## Action item:
Keep the images out while you set down the data exactly.

## Data provided:
——

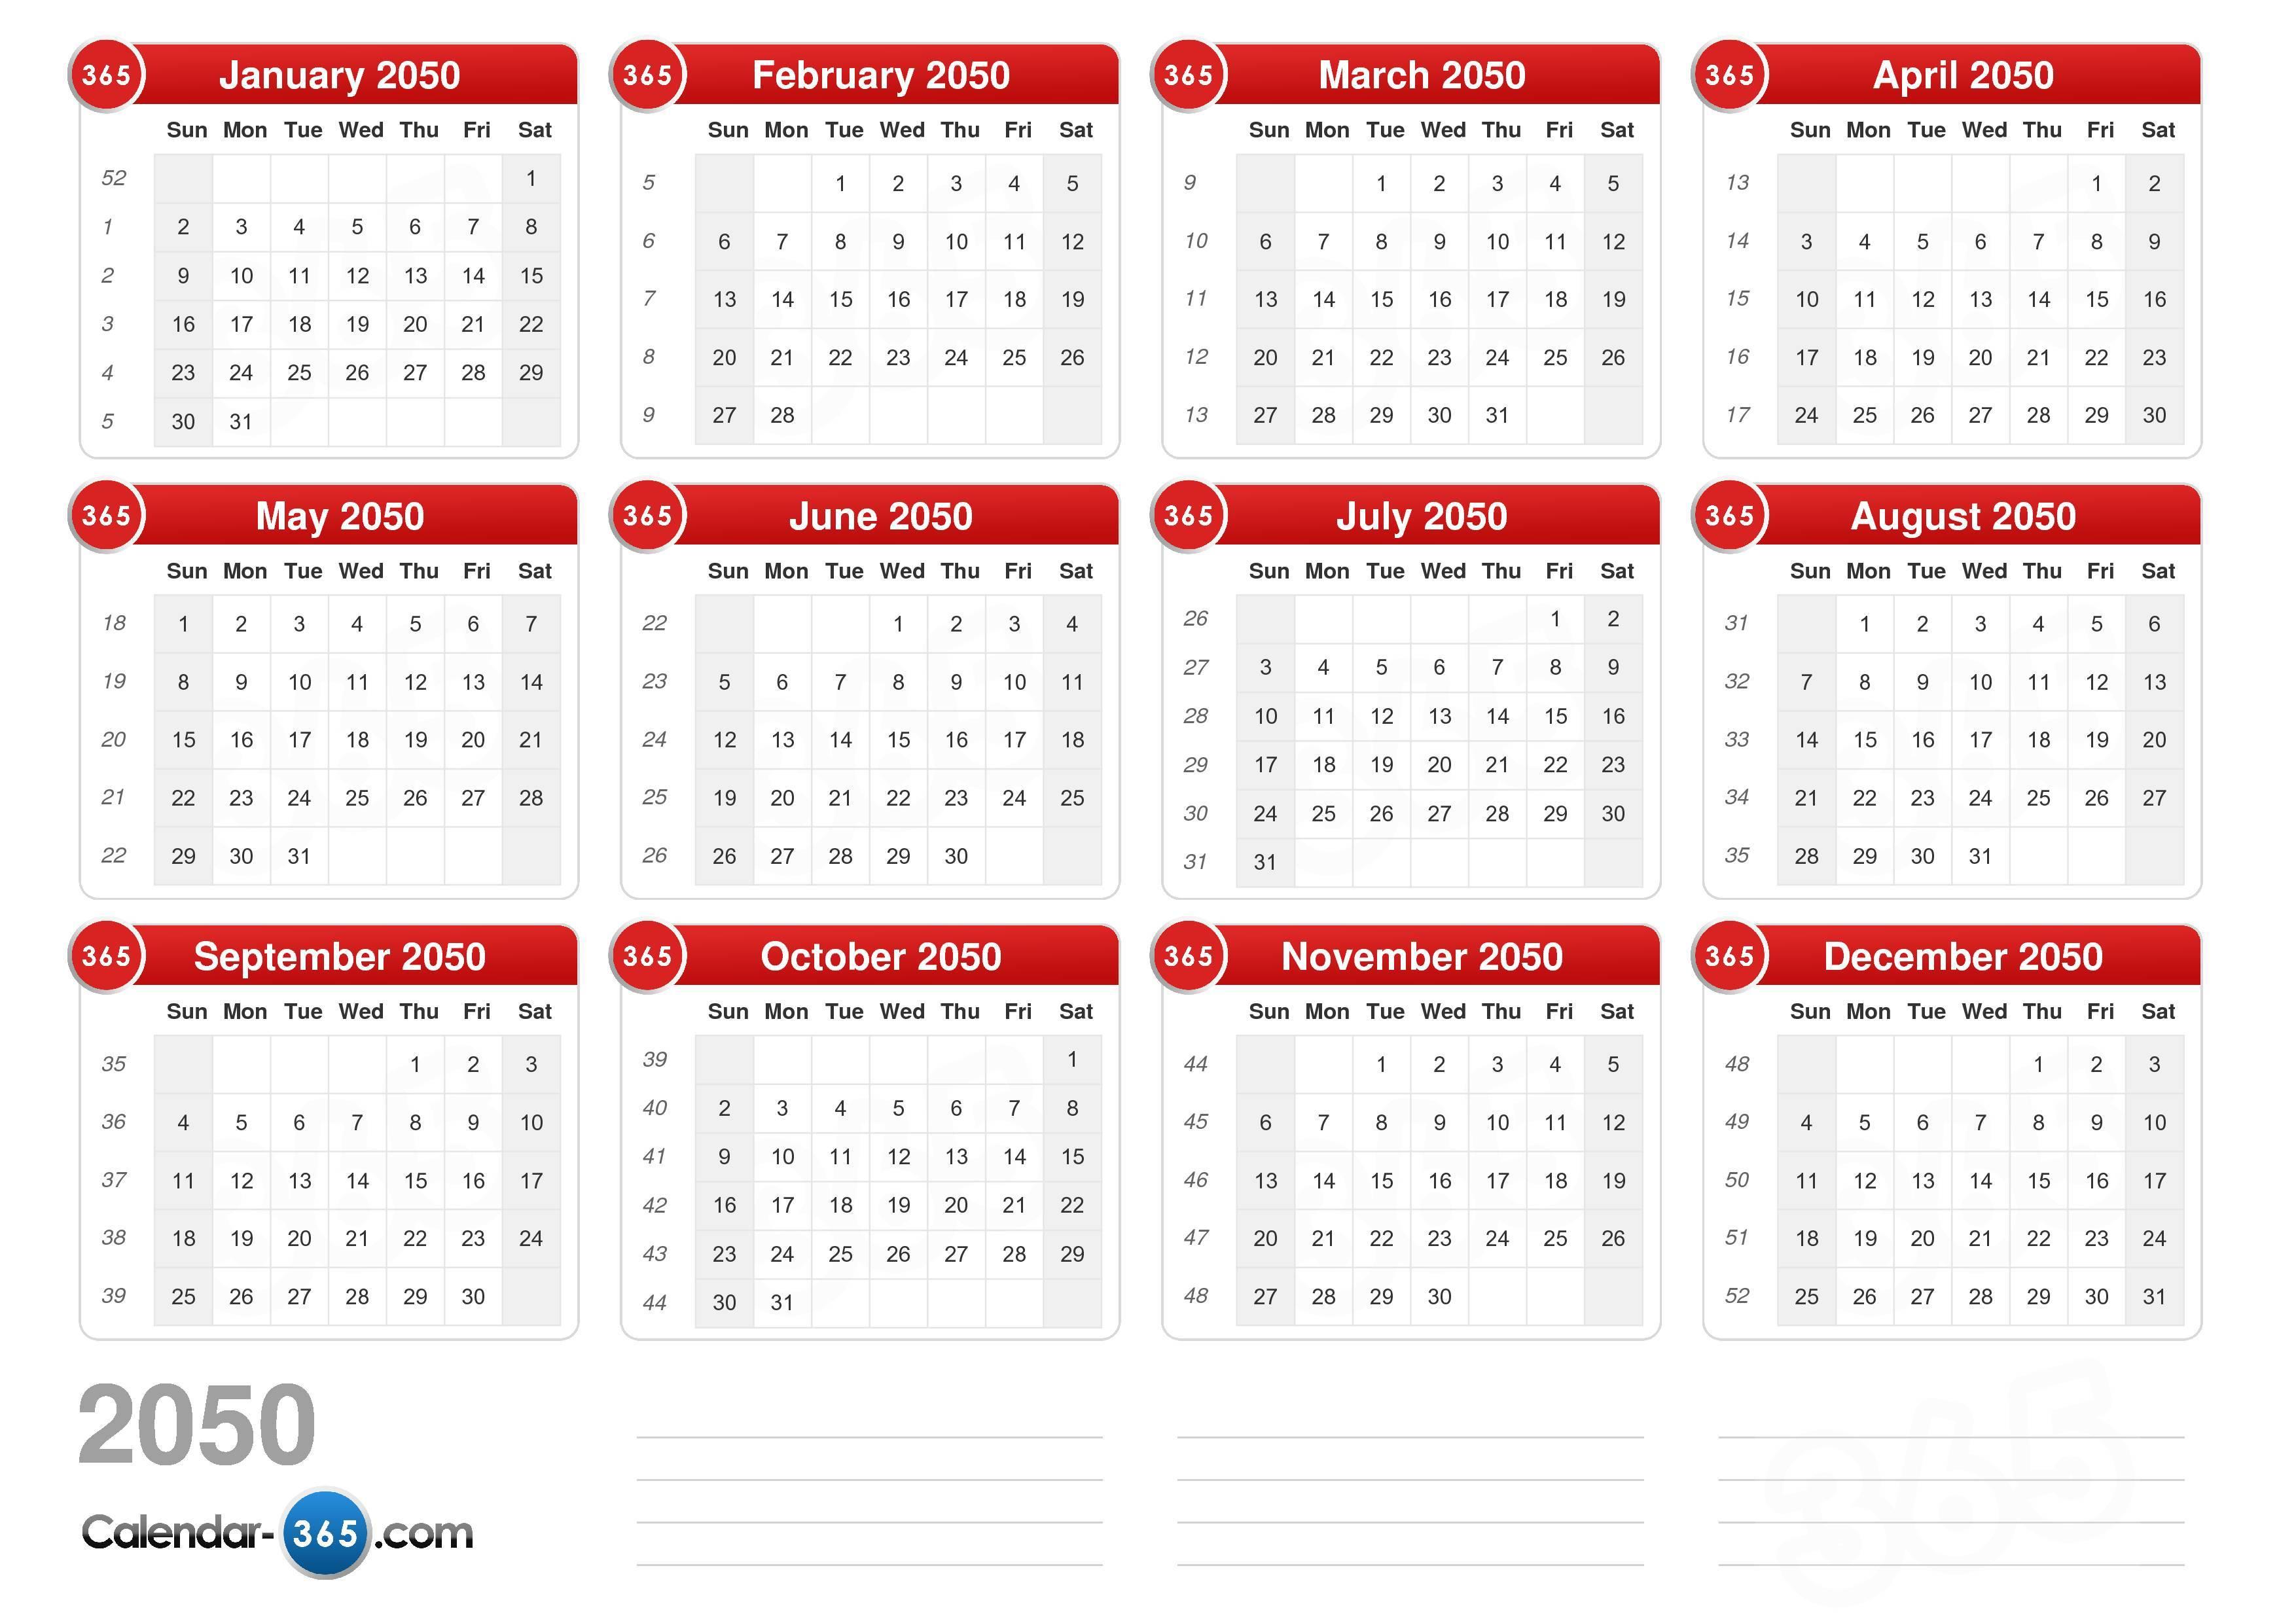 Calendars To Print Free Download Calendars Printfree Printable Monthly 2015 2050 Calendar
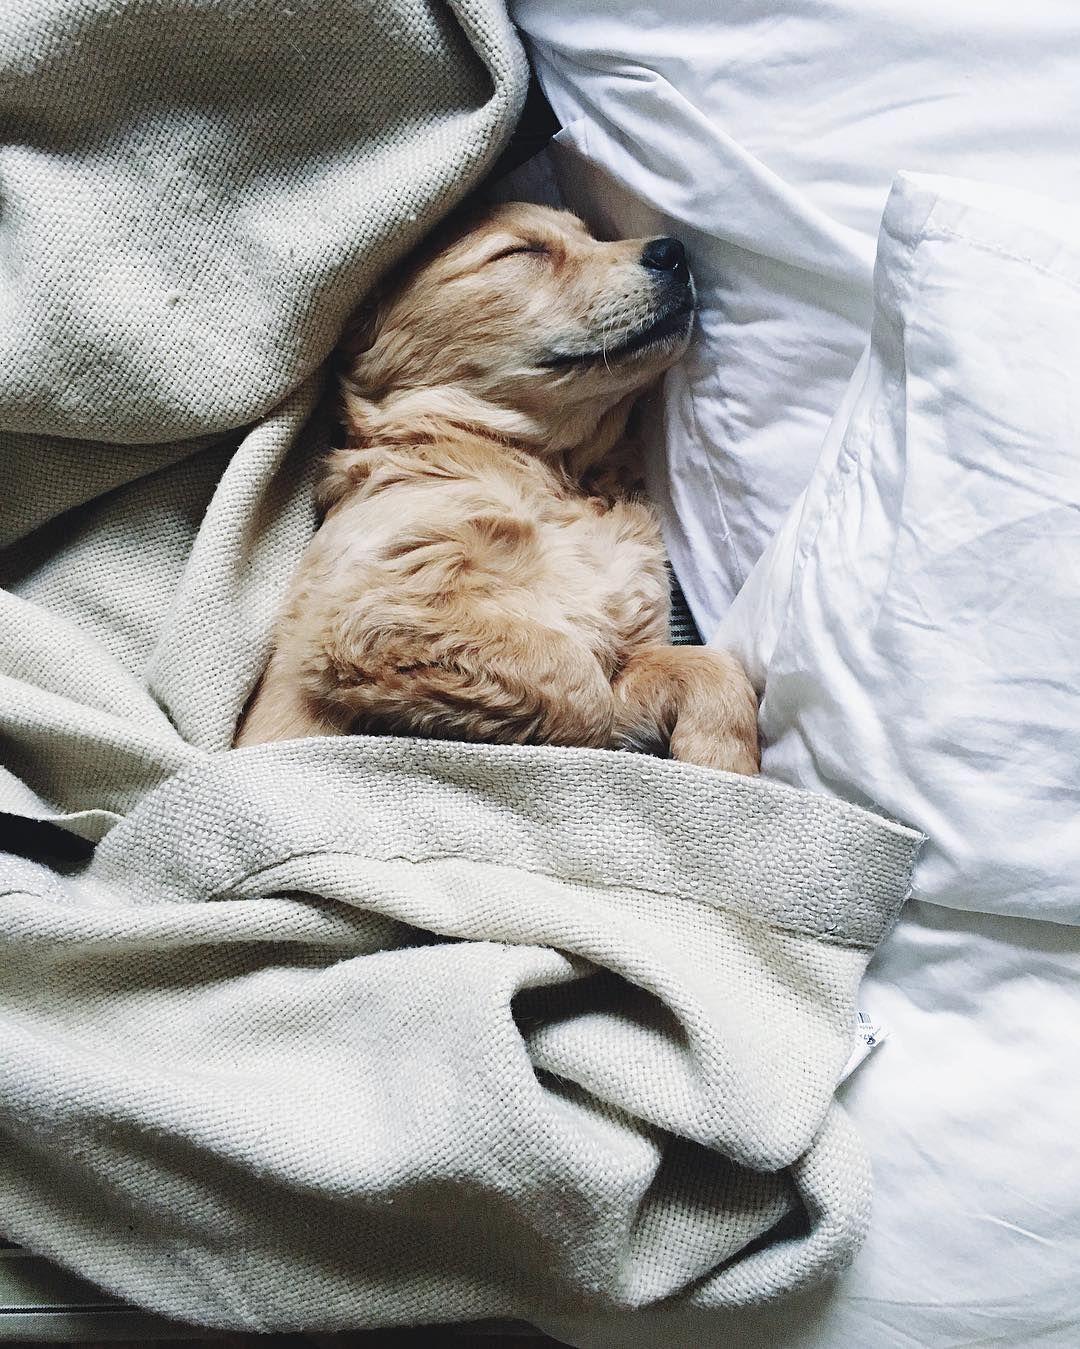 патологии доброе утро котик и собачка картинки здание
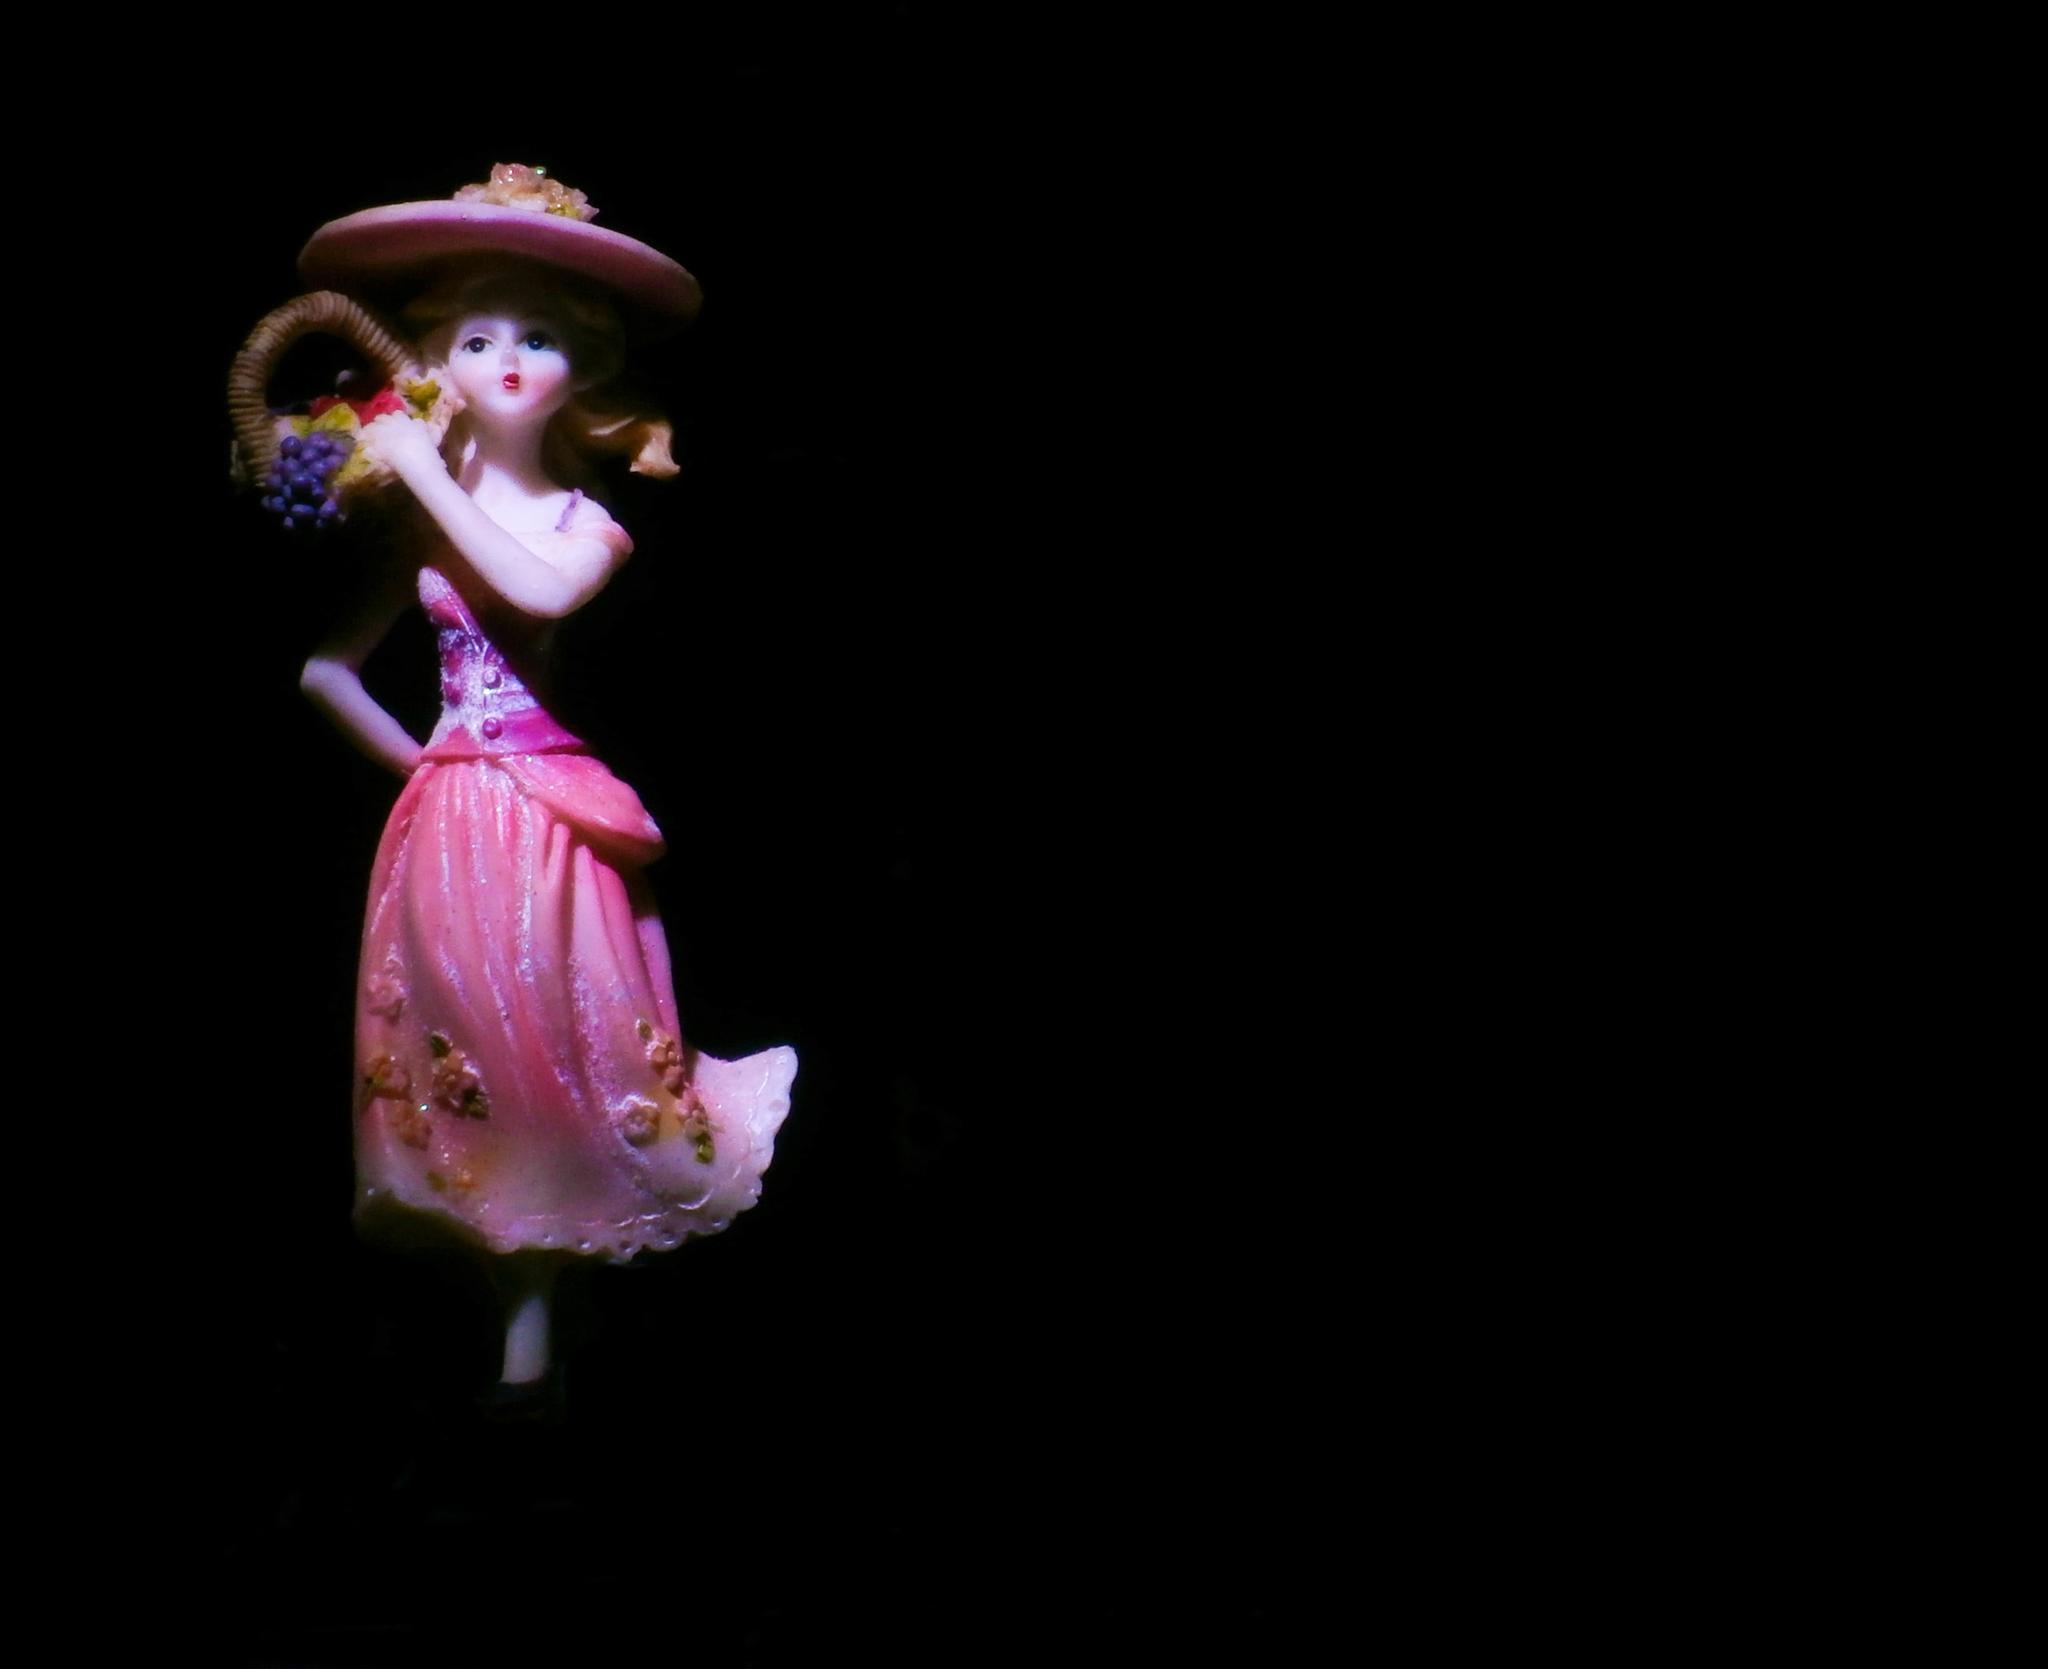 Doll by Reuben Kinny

——

## Answer section:
 Calendars To Print Free Download Calendars Printfree Printable Monthly 2015 2050 Calendar
 патологии доброе утро котик и собачка картинки здание
 Doll by Reuben Kinny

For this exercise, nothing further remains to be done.